This is a really enjoyable historical novel, telling the story of Elizabeth of York from her childhood to her death. It’s quite lightly written, but covers all the main events of the time insofar as they affected Elizabeth.
History gives us two versions of the young Elizabeth – the heroine of The Song of the Lady Bessy, working towards marriage with the future Henry VII because she believed that her uncle Richard III had murdered her brothers, and the scheming minx who wanted to marry Richard and was plotting it even before Anne Neville was dead. Alison Weir largely goes for the first version, but works with the second by saying that Richard wanted to marry Elizabeth, talked her into the idea by claiming that Buckingham had spirited the boys away, then changed his mind. We later see relatives of James Tyrell confirming that he’d had the boys murdered on Richard’s orders.

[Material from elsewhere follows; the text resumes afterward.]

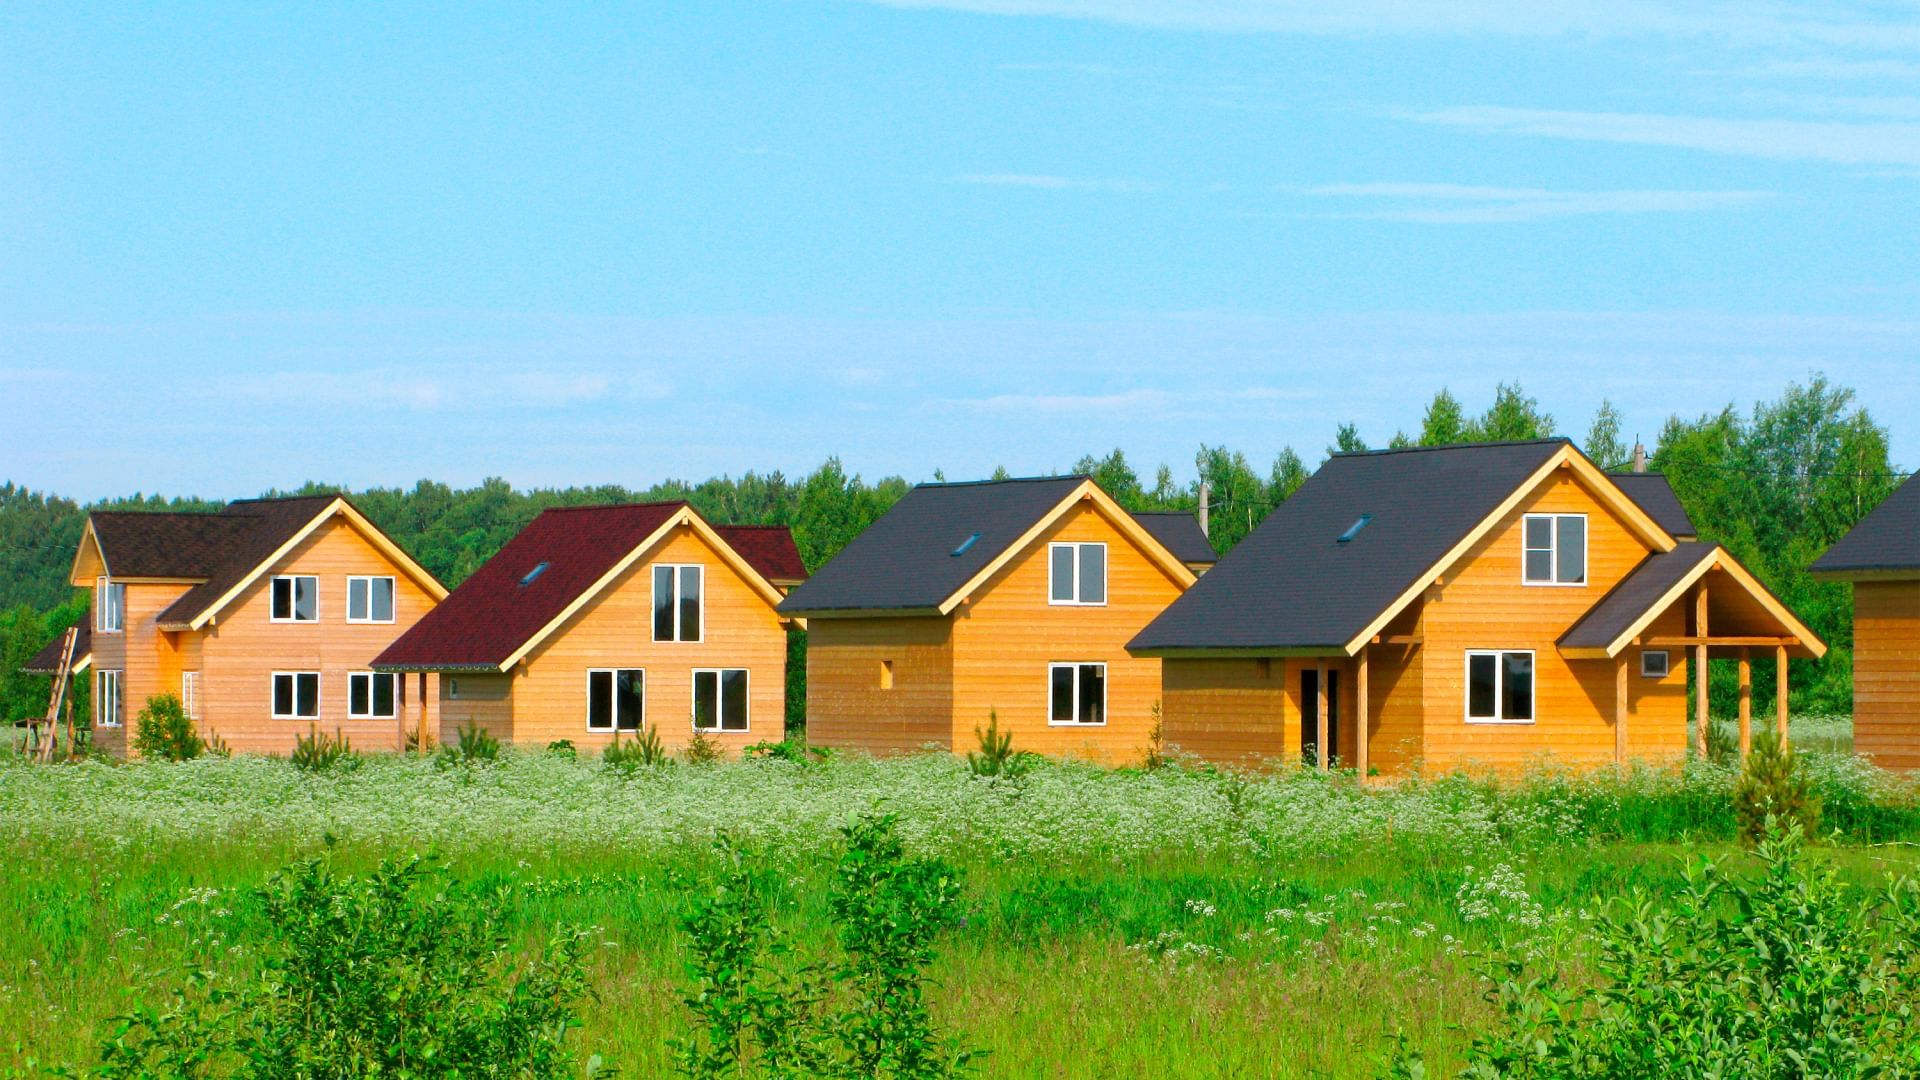 В России в прошлом году построили 15,6 млн кв. м деревянных домов, это рекордный показатель за всю историю сбора статистики — с 2009 года. Об этом свидетельствуют данные Росстата.

Elizabeth, Henry, Margaret Beaufort and Elizabeth Woodville/Wydeville are all quite favourably portrayed in this. It’s a very nice, gentle book, considering that it covers some very violent times! There are going to be two sequels: going into the first one, it takes the traditional view that Arthur was always sickly, and that his marriage to Catherine of Aragon was never consummated. It takes the traditional view on pretty much everything, which I’d much rather have than people making up nonsense just for the sake of being different.
I really enjoyed this, and highly recommend it.